Maybe try a different type of baby group? Maybe baby massage?
I know it won't help you much right now but I promise it all does get easier. My bf was nearly sectioned she was that poorly but with the right help she got through it. You will get through it too.
Some great support and advice available here so please stay in touch too.
Where about are you? Maybe a meet with local mumsnetters may help?
When I was very low with ds2 (the novelty of being at home had worn off after ds1) a lovely lady told me about groups where depressed mothers get together to support and share...my response was,"Can you imagine a bunch of us all in one room? " ...she said, "at least you haven't lost your sense of humour!"
Thanks. I know it does get better. I just need to get through this bit. Some days are MUCH harder than others. I am doing baby massage classes, just started. It was ok.
Keep plodding on, like blush said take it one day at a time. Thanks again. Sorry liz I posted to give you support and it ended up the other way round!
whatname We all need support, that's why were here so don't be sorry! It's great that you're doing so many activities,hopefully you'll meet some nice people who you can talk to.

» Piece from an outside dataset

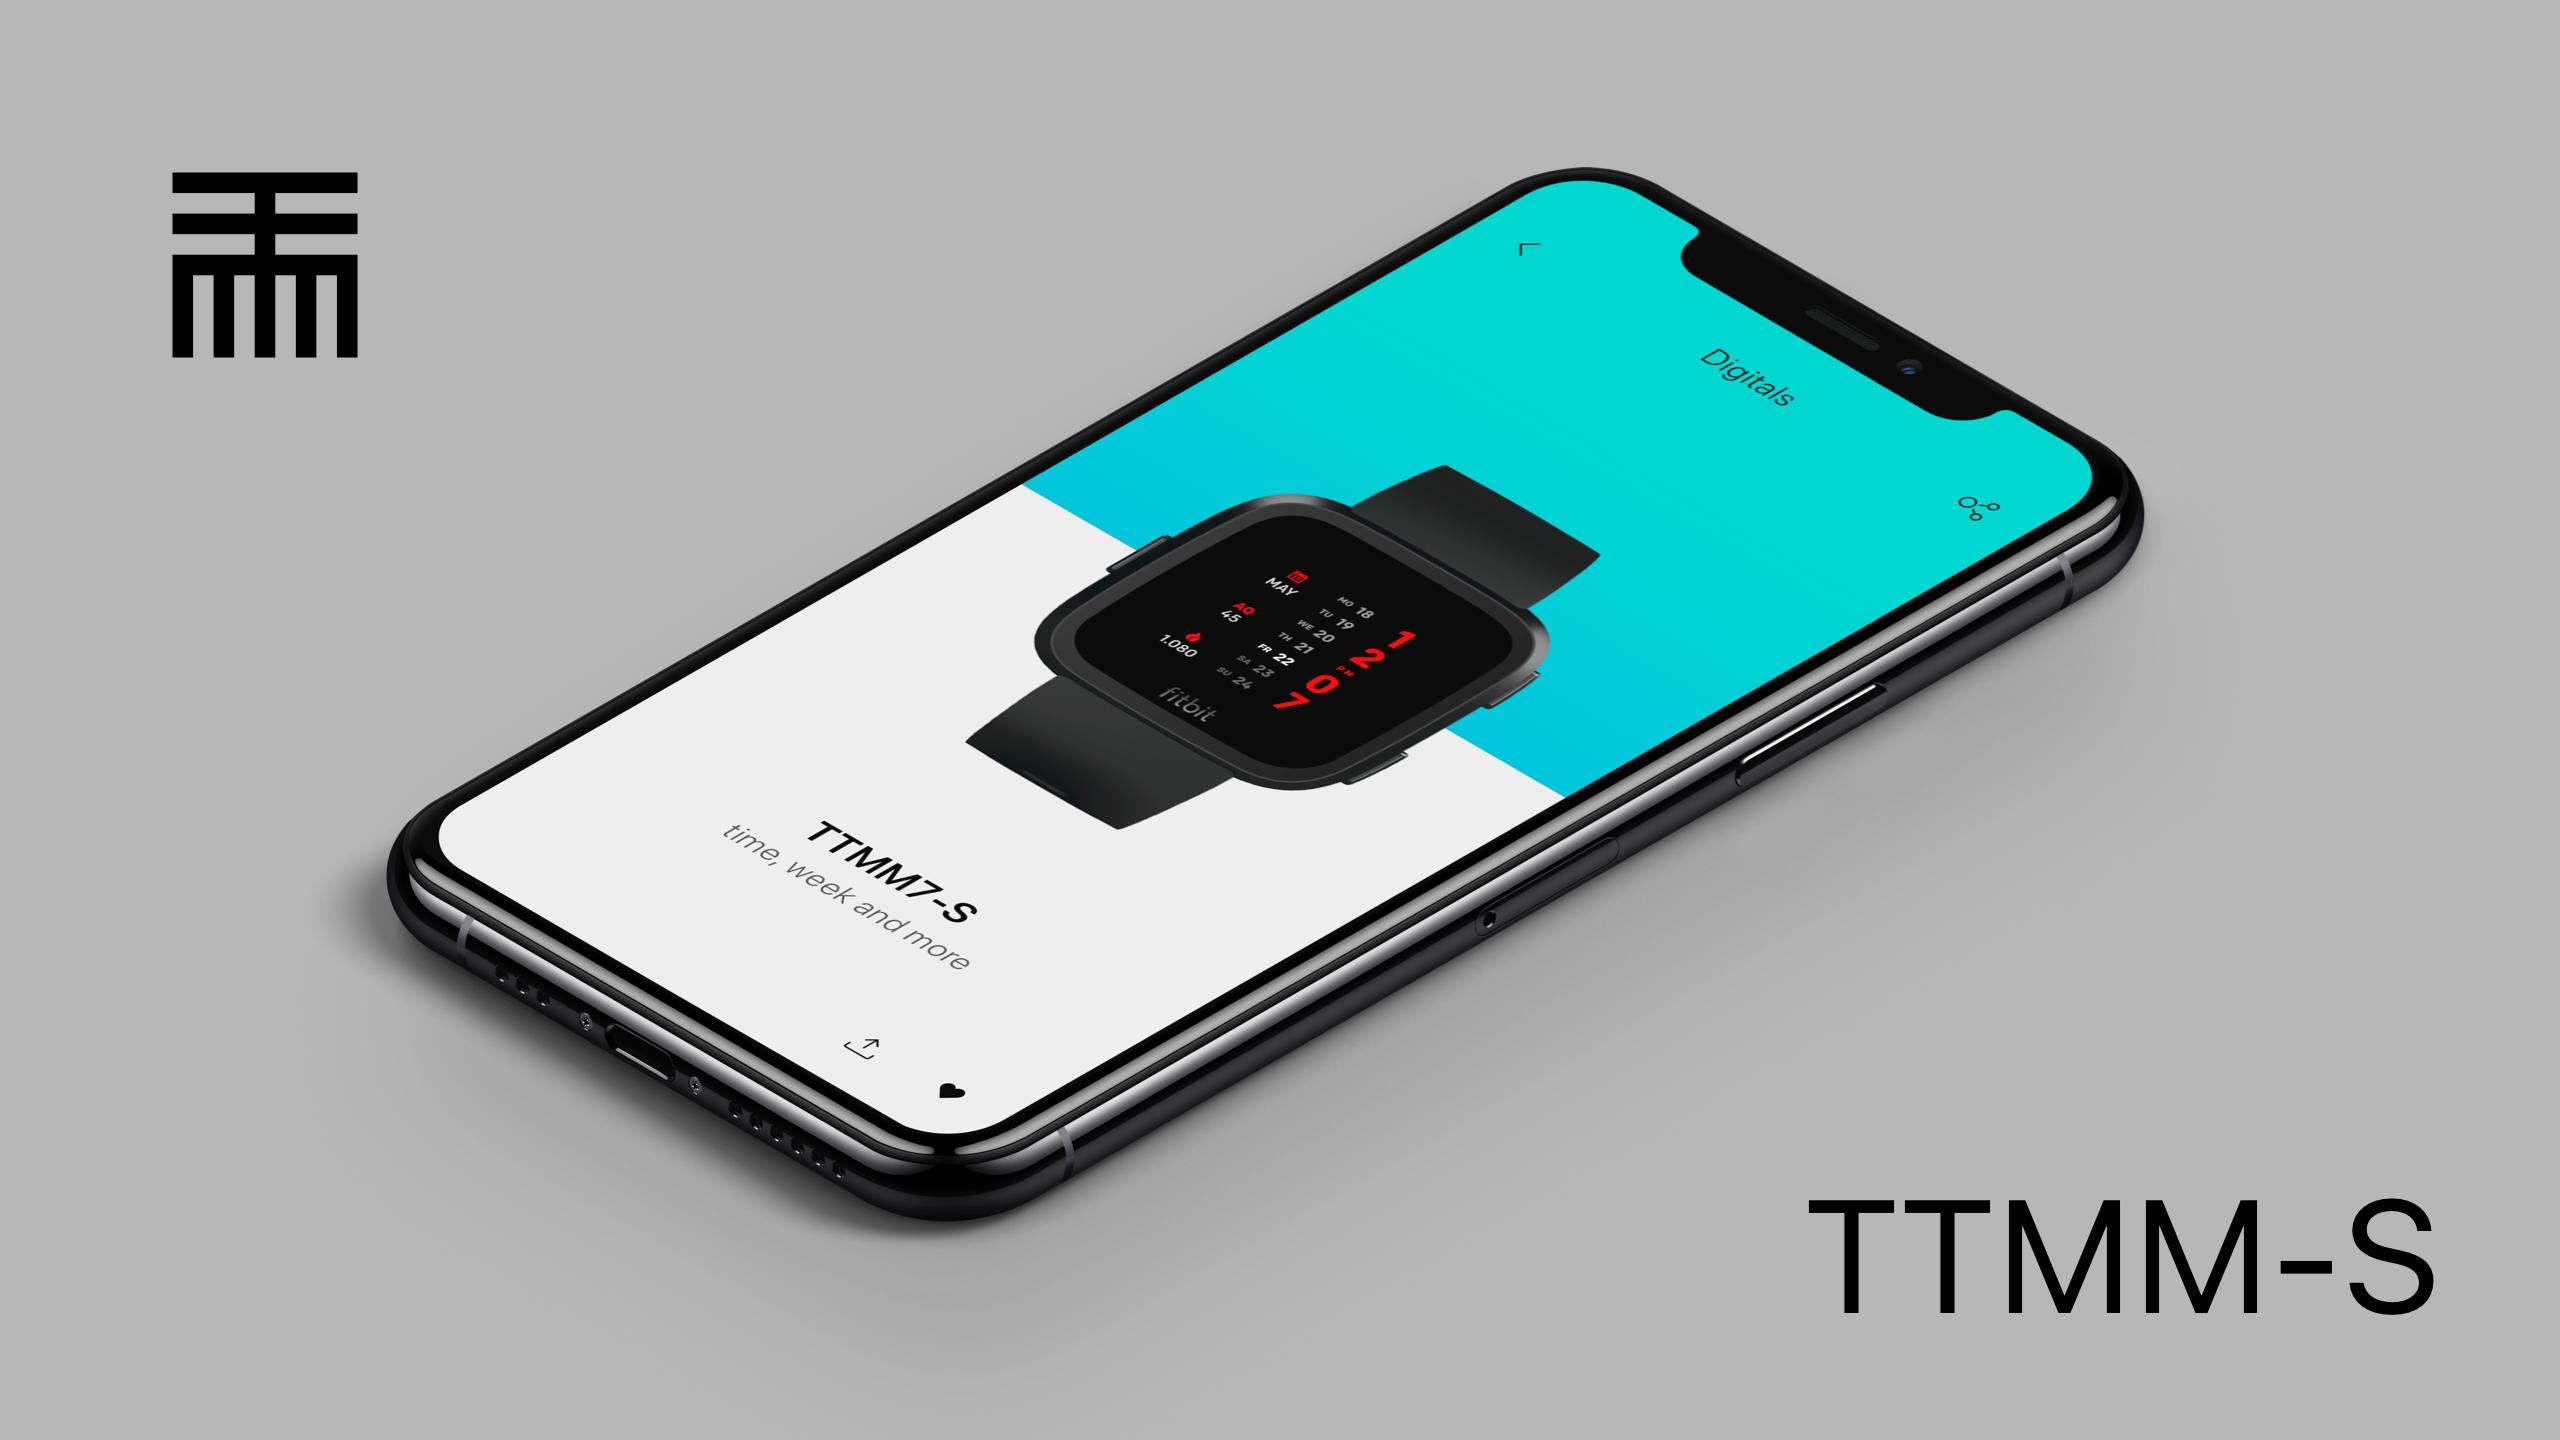 TTMM-S for Fitbit Versa

I went to a breastfeeding meeting this morning and it was helpful to hear that other mums are dealing with similar issues too, made me feel more normal. We're definitely not alone! I'm also starting baby massage next week through the PND service. Do you or your DH have any workmates who have children? Or like confortablycurvy suggested you could try hooking up with some other local mumsnetters?
Parenthood is a marathon, not a sprint, 7 weeks is far too early to be kicking yourself so try not to.

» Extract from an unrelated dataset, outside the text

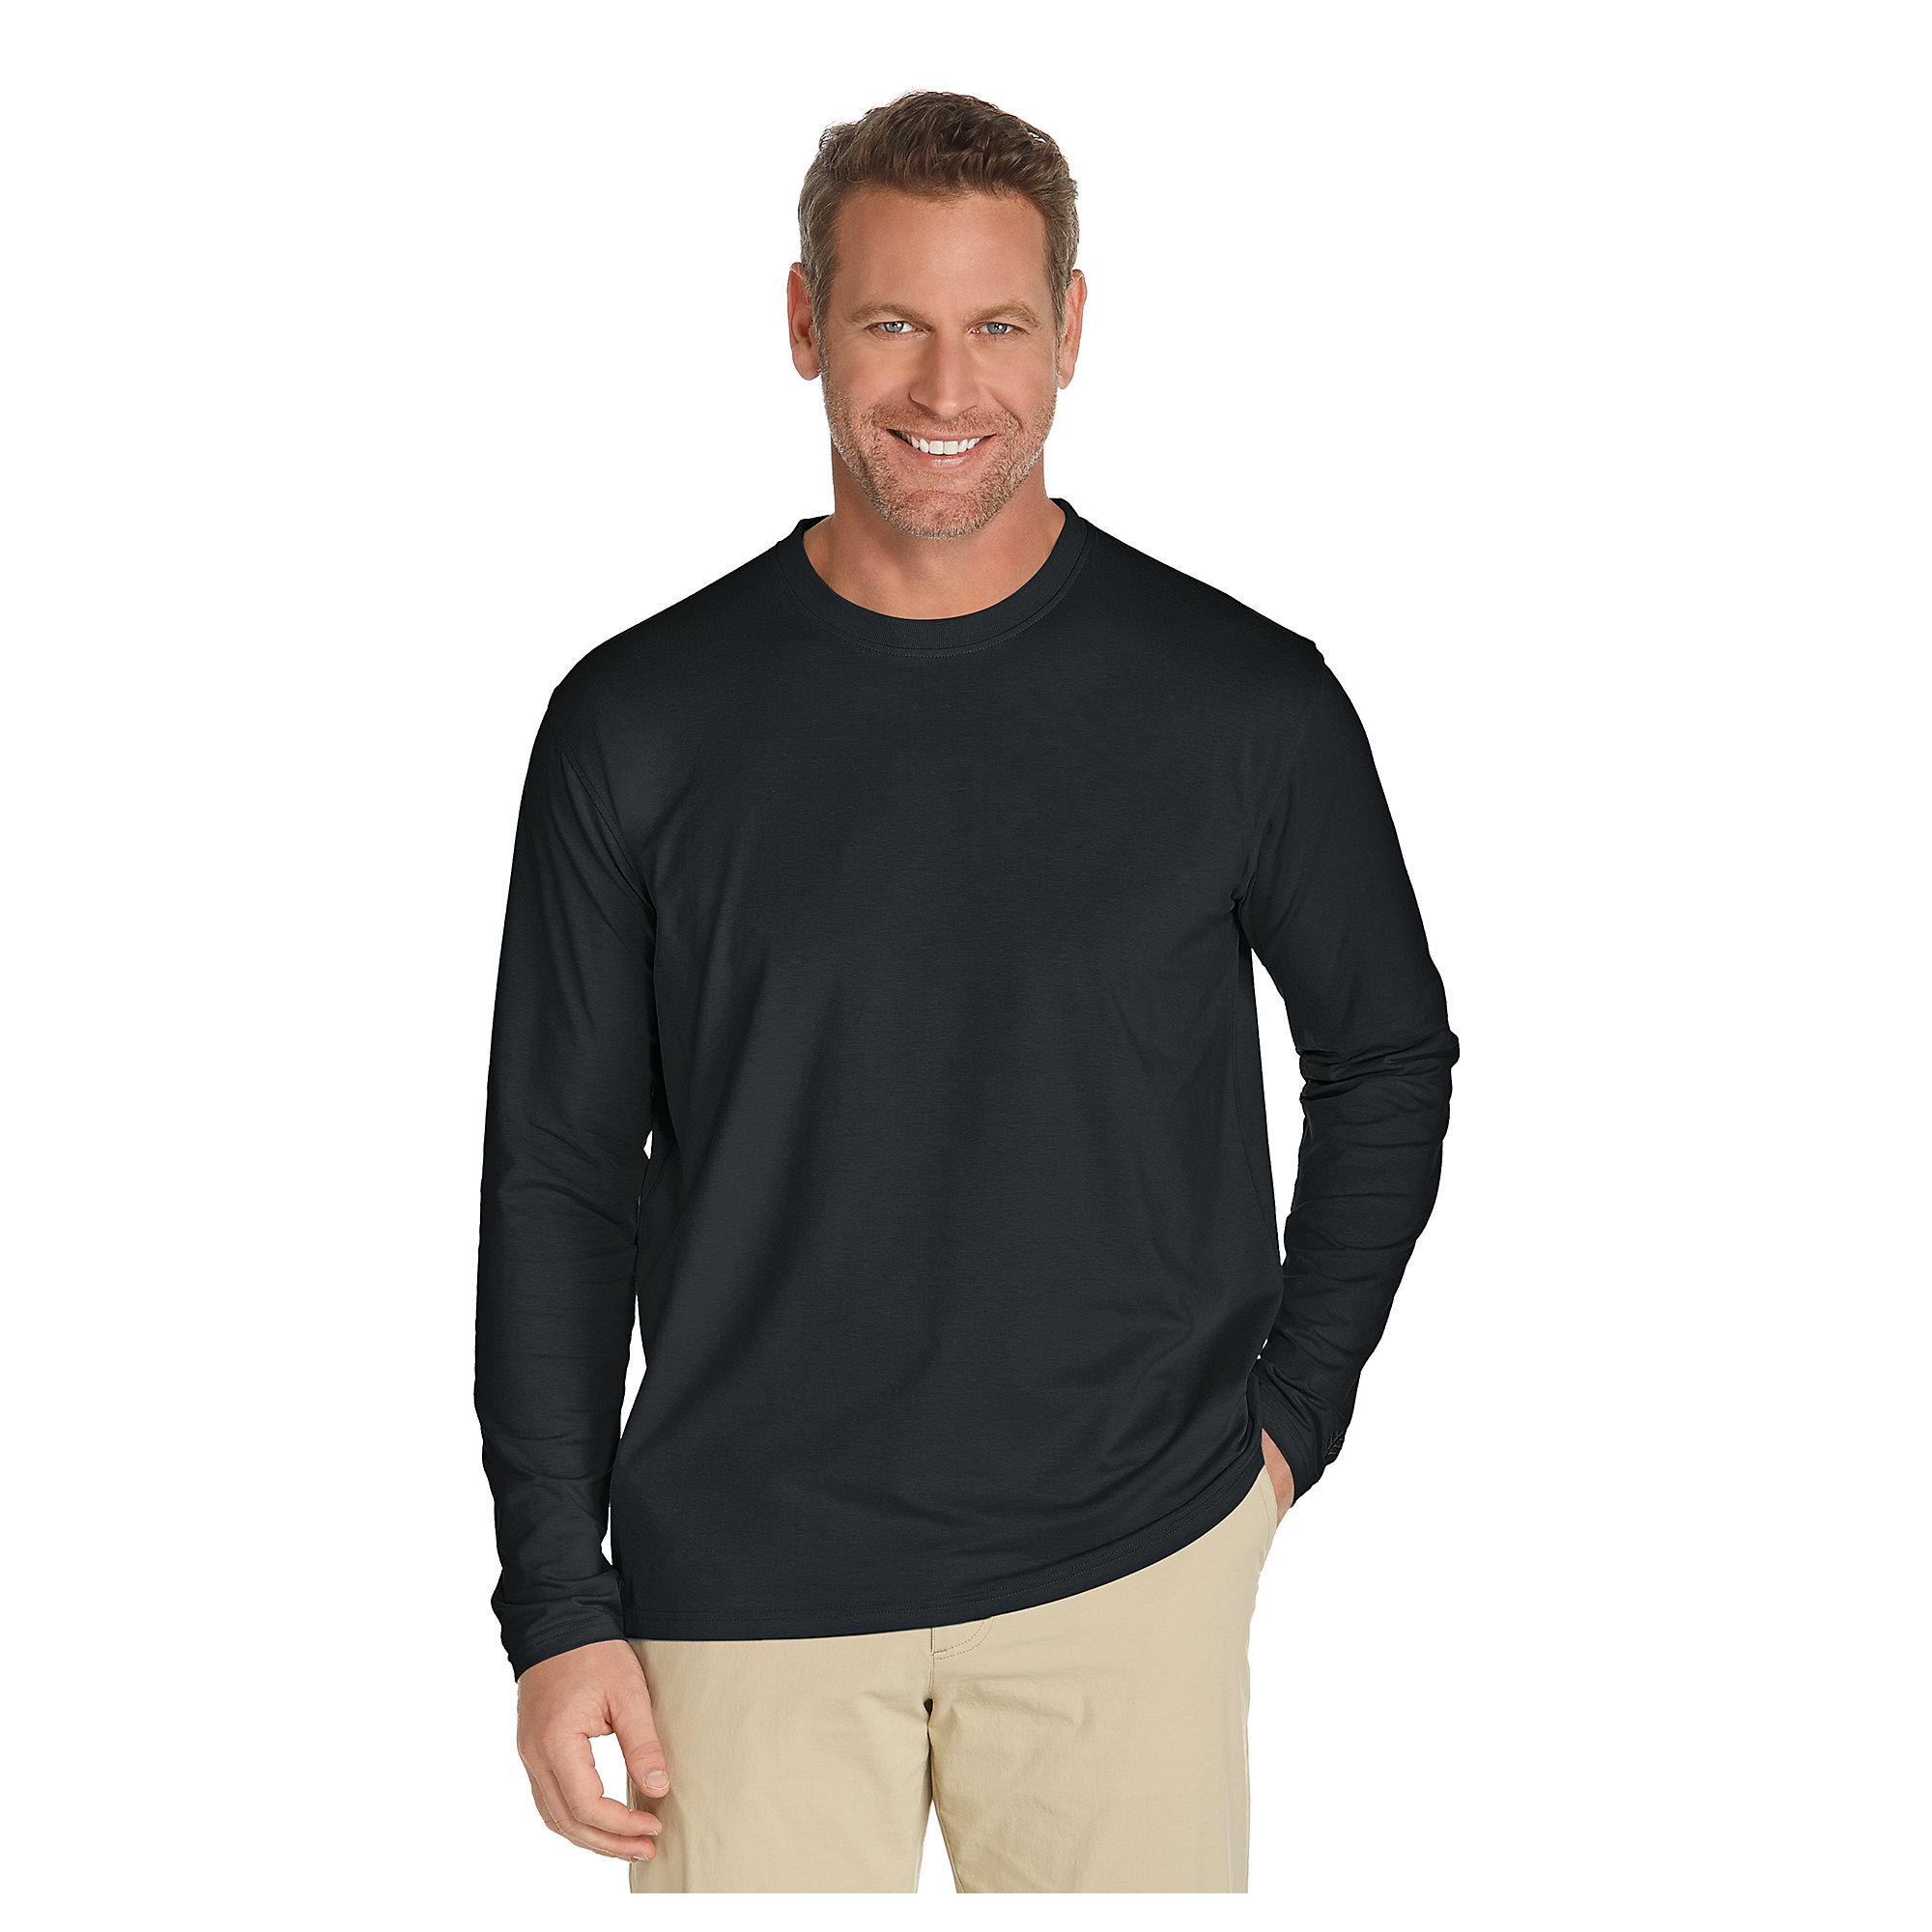 coolibar upf 50 mens zno long sleeve t shirt sun protective

Worry only about what you can control, let everything else whistle for a while. I'm sure your doing far better than your giving yourself credit for
whatname, I was hoping that this thread could be a hand holding group for anyone that was having a bit of a rough time rather than just a 'poor me'kind of thing so please don't worry.
went back to the dr today (say what you like about the nhs, this dr is keeping a really good eye on me and is very supportive) as the better mood is nowhere near consistent, and she mentioned that it can take 4 to 6 weeks for the antidepressants to get into your system and they can then be certain that they've given me the right type.

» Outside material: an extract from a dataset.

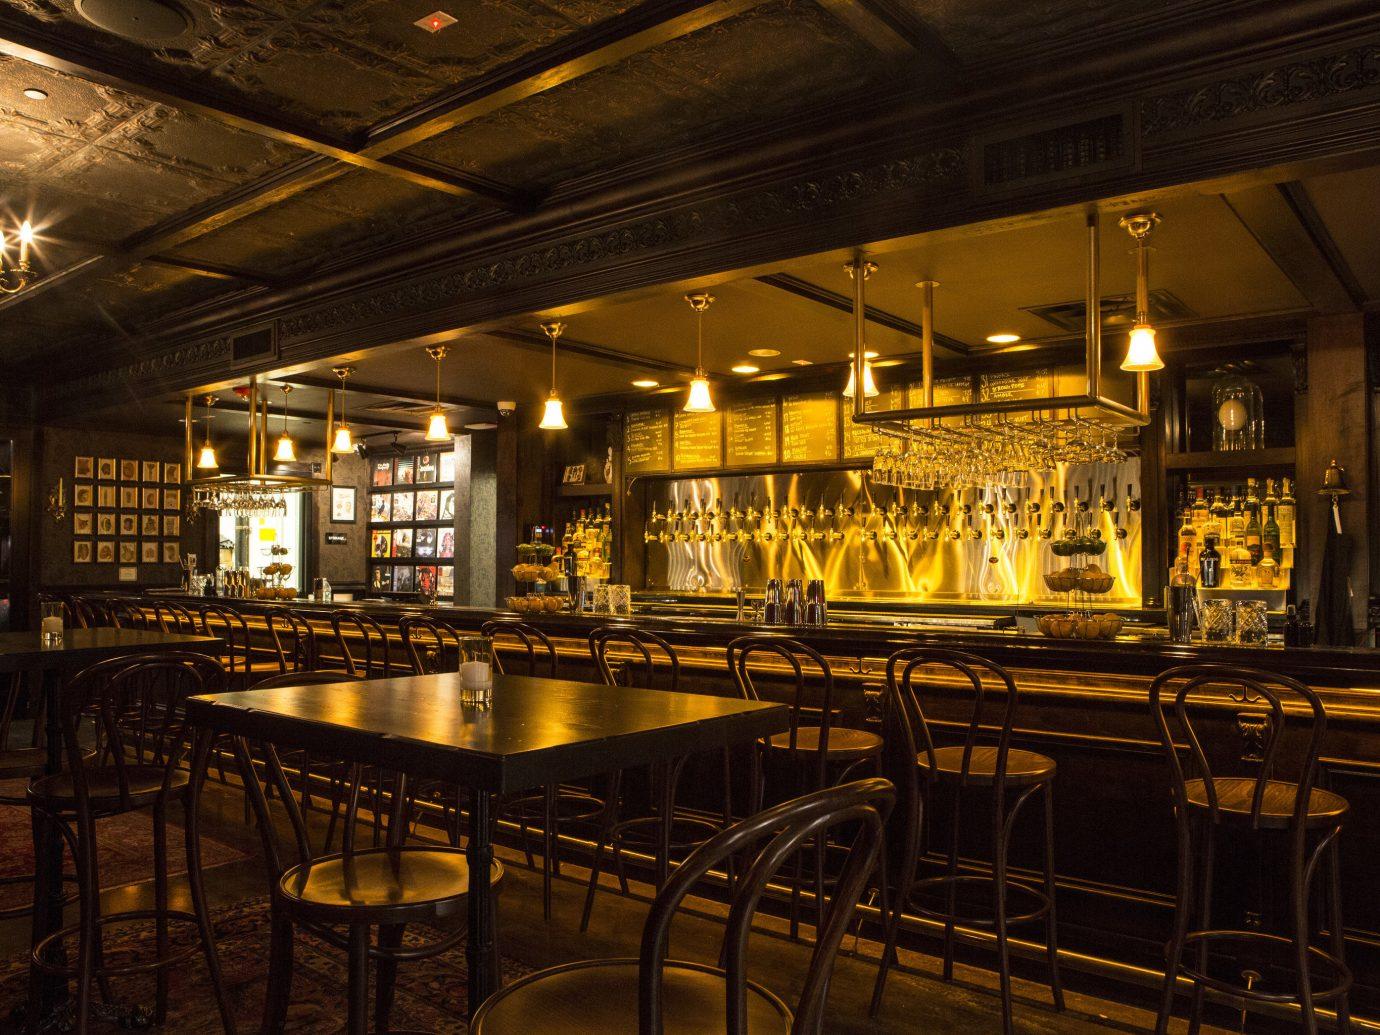 Arts + Culture ceiling indoor building Bar night restaurant metal lighting interior design estate several dining room

slightly scary that it can take that long, and then if they don't fit I'll have to start another lot and go through another set of side effects , am still dealing with the side effects of this type although they seem to be starting to tail off.
tackled the bus into town to try and get out and about (had a c section so still can't walk far and hubby had the car). baby was fine on the way in, but screamed the whole way home on a packed bus. felt like the entire bus was glaring at me, and I wanted the ground to open up and swallow me. might wait until I can walk into town before I go again!
Fallen - its very true. We all get there in the end.
Liz - it's great that you were so confident to take baby out on the bus and after a c section! I am truly impressed. I'm sure that everyone on the bus had had a similar experience, or will at some point. It is horrible though, I always feel like the worst person in the world when I can't stop him crying, I'm sure most people are the same. Hopefully the next few weeks will be better and better and you won't have to worry about changing tablets.
Blushing - baby massage went well. It's quite a small group and everyone is local
I'm trying to keep busy and have something I 'have' to go to each day. My mantra has become "must leave the house"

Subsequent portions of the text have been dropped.